Sunday involved quite a workout. Runway conditions having improved, the IFR Pilot scheduled with a new instructor, JD, to get an instrument refresher flight (and to check out possible instructors for the commercial.) JP tagged along in the backseat, and was pretty mellow acting as the peanut gallery.

The instructor started up with ground school questions before we could even get 78S turned around on the iced-up hangar ramp. Stumped the IFR Pilot with "When are you established on an approach?" Correct answer - needle movement on an ILS, +/- 2 dots on a VOR approach. Yeah, I knew that. Really, I did. I swear.

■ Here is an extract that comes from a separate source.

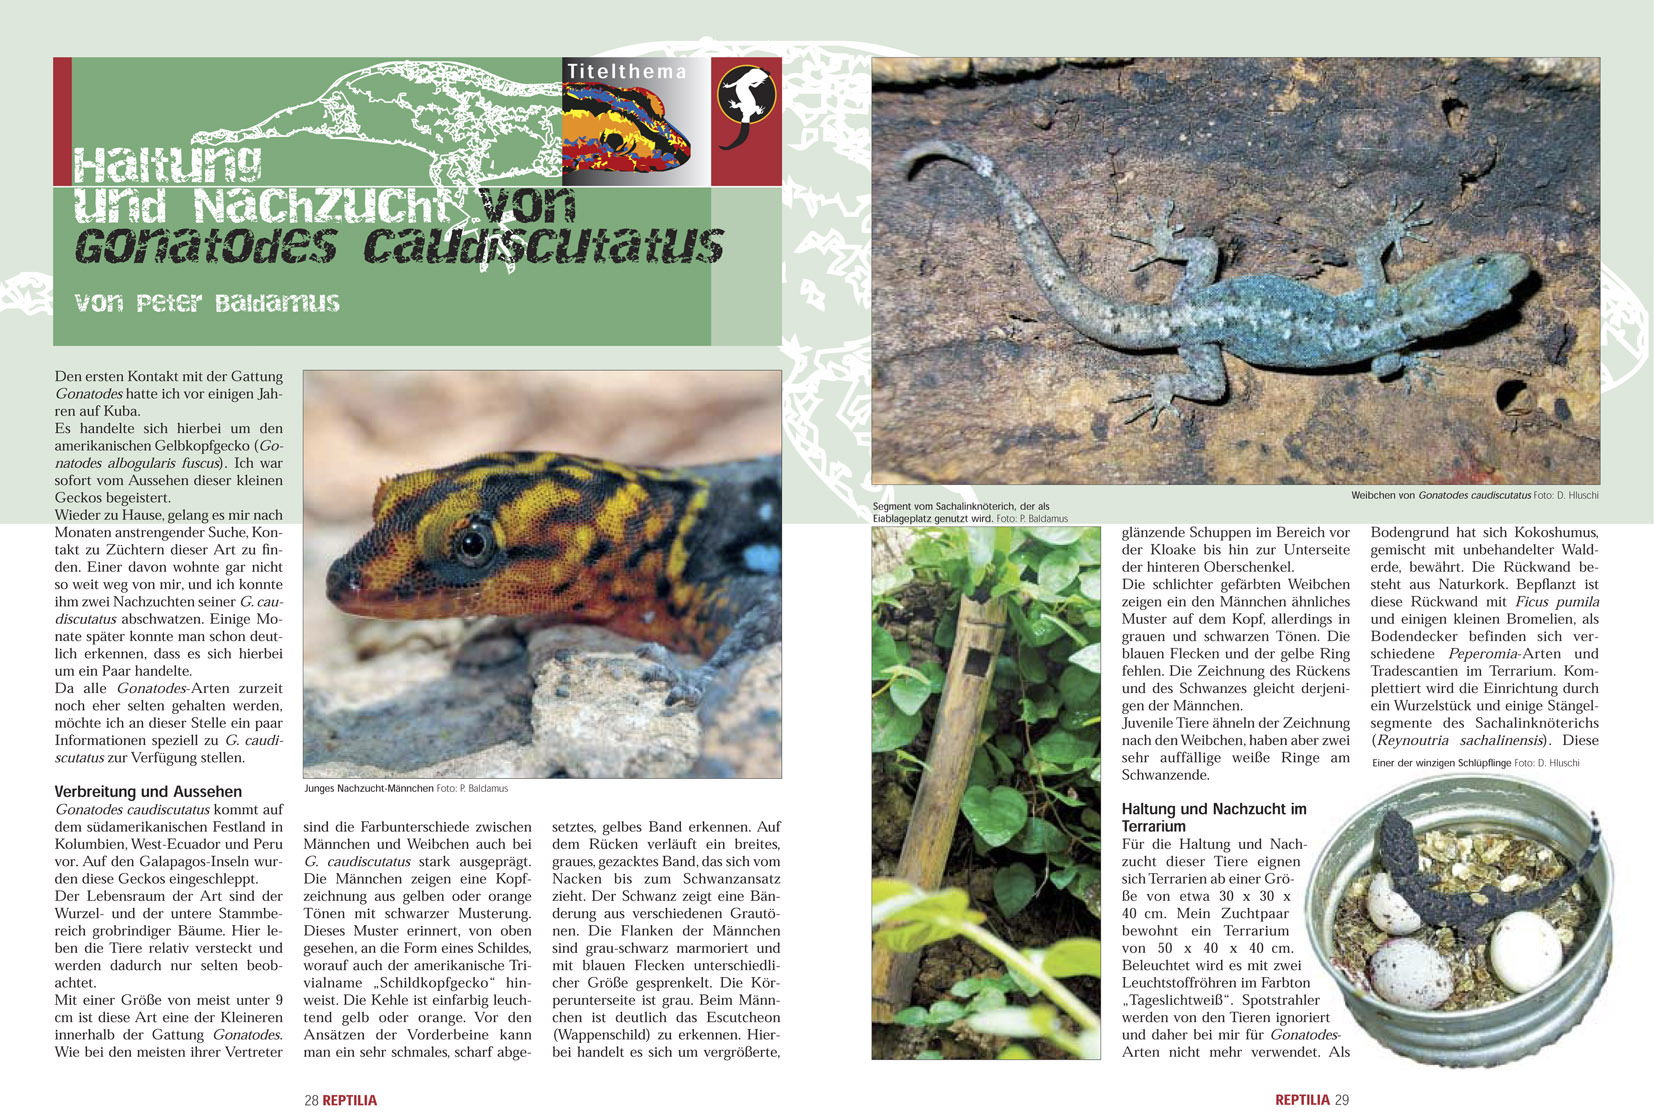 Reptilia 78 - Gonatodes - Neotropische Taggeckos August/September 2009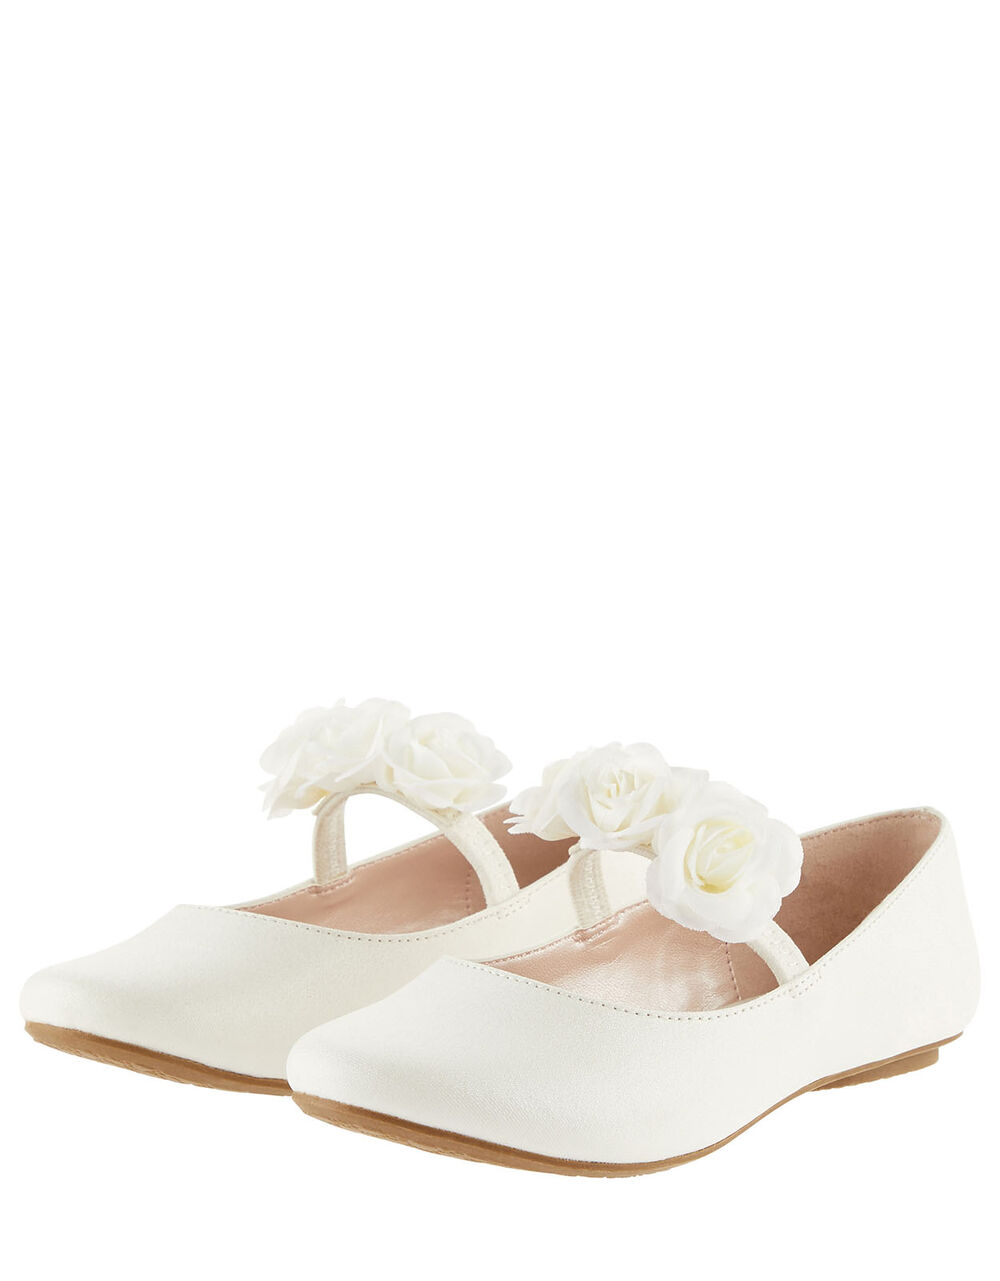 Children Children's Shoes & Sandals | Shimmer Corsage Ballerina Flats Ivory - UA13163

Shortly after takeoff, we flew into some low visibility conditions with blowing snow. A local IFR clearance (a/k/a pop-up clearance) ensued so that we could make some approaches: VOR-A into 29G, ILS 23 at CAK, LOC 25 at AKR, and VOR 28 into BJJ. JD's overall assessment was that I was still allowed to refer to myself at the IFR Pilot.

Recap: The LOC approach was flawless. ("Like a coupled approach in an airliner," was JD's professional assessment.) The ILS was acceptable. The two VOR approaches were, in my estimation, marginal, though JD said I'd still pass the IFR checkride. Going into 29G, the needle almost went full scale. Going into BJJ, the IFR Pilot had set the OBS wrong by 20 degrees. We could tell by the GPS that we had blown through the final approach course, which was confirmed when ATC advised us of such and gave us a vector to reintercept. "That mistake will get you killed," JD sagely advised. No kidding.

At one point, JP was kind enough to hand me the reminder note from his training with JD: "Have you identified the navaid?" You can guess what was happening to prompt that.

After the final approach and a steep descent to land at BJJ, a bit of marginal VFR flying got us back to home base in one piece. A nice landing ensued. All that remained was to write a check to JD for the 1.7 hour workout.

Putting 78S away required a bit of pushing, shoving, and grunting. Too much ice on the hangar ramp. JP and I managed to get her in the hangar without damaging anything.